No it's called being Cynical. D&D is selling very well right now and it's movie rights are being fought over. If they make a Drizzt movie or something and put the right amount of advertising, budget and a good studio behind it. It could do very well.


----------



## Iosue (Jan 22, 2015)

Sailor Moon said:


> It's already been there and done that.



Been where and done what?  What does that even mean?



> Ninja Turtles will never again be where it was in the late 80's. The movie did okay, but I wouldn't put ot up there as a blockbuster. Also, the Ninja Turtles took off during the late 80's at a level not all IP's get to. Let's not forget this is the Turtles 4th or 5th go at trying to make the name popular again.



This is ridiculous.  Turtles merch made Nickelodeon _$475 million_ in 2012.  The movie, with horrible reviews and nominations for all the Razzies, made $477 million worldwide, $191 million of that coming from domestic box office.  And sold a crapload of toys.  It's a huge moneymaker.



> My Little Pony isn't really a blip on the radar to be honest. It has a cartoon and some toys but let's not sugar coat it more than it is.



Also ridiculous.  MLP is a _Core Brand_ at Hasbro.  That means it pulls in at least $50 million in revenue -- the target that 4e D&D aimed for but could not reach -- and it probably makes more.  It was a lame duck line, limping along since 1992, and actually discontinued in the States from 1999 to 2003.  And it had "been there and done that" -- a TV series and movie that no one remembers.  Then, Friendship is Magic comes along, a quality show by all accounts, and BOOM!  The line takes off again and gets Core Brand status.



> Okay they are making a Jem movie, so? Jem has never had a movie so it's bringing something that jas never been a film.

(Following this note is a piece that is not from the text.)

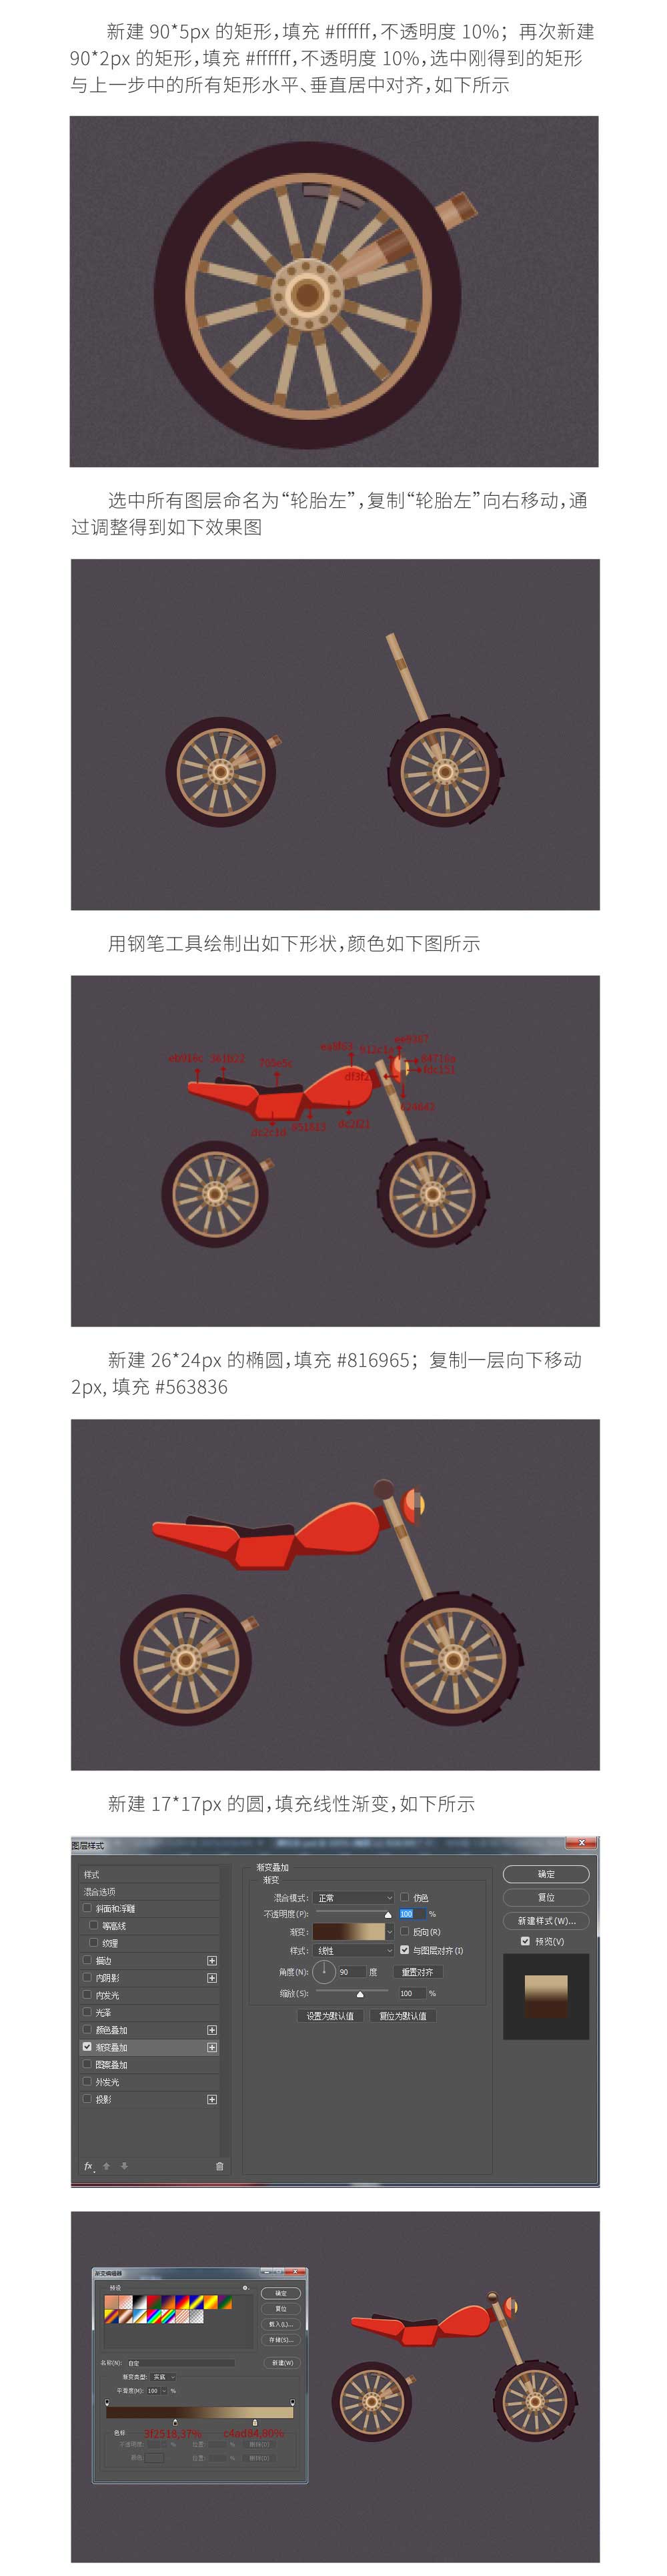 ps摩托车怎么做(摩托车ps效果图)

It's a cartoon from the 80s that no one cared about for 25 years.  Now Hasbro and Universal think they can make some money off it.  Will they?  It'll probably move some merch.  And the point is, if there's earning potential in Jem, for crying out loud, there's earning potential in a D&D movie produced by Universal.  Not just in movie revenue, but in action figures, video games, books, and a host of other merchandise.  It would put a bump in the RPGs sales.



> You aren't comparing like for like to be honest.



I'm comparing a nostalgic niche IP to nostalgic niche IP that were parleyed into money-making brand franchises.  I'm presenting an argument, you see, using facts, figures and examples to make a projection.  As near as I can tell, all you seem to be doing is saying, "Nuh-uh," to the point of saying that currently successful multi-million dollar franchises are not popular or "a blip on the radar".


----------



## Doc_Klueless (Jan 22, 2015)

Sailor Moon said:


> My Little Pony isn't really a blip on the radar to be honest. It has a cartoon and some toys but let's not sugar coat it more than it is.



I don't know you so I don't want assume anything about you, so I'm asking: Do you have a teenager in your home? Because if you do, ask 'em about MLP. Especially if it's a female teenager. Places like Hot Topic, etc. are STUFFED with MLP crap. My daughter and her friends geek out over it. Whenever I drop my kid off at school or go to a school function there is a surprising amount of MLP merchandise staring me in the face. Anime expos are crawling with MLP Bronies. 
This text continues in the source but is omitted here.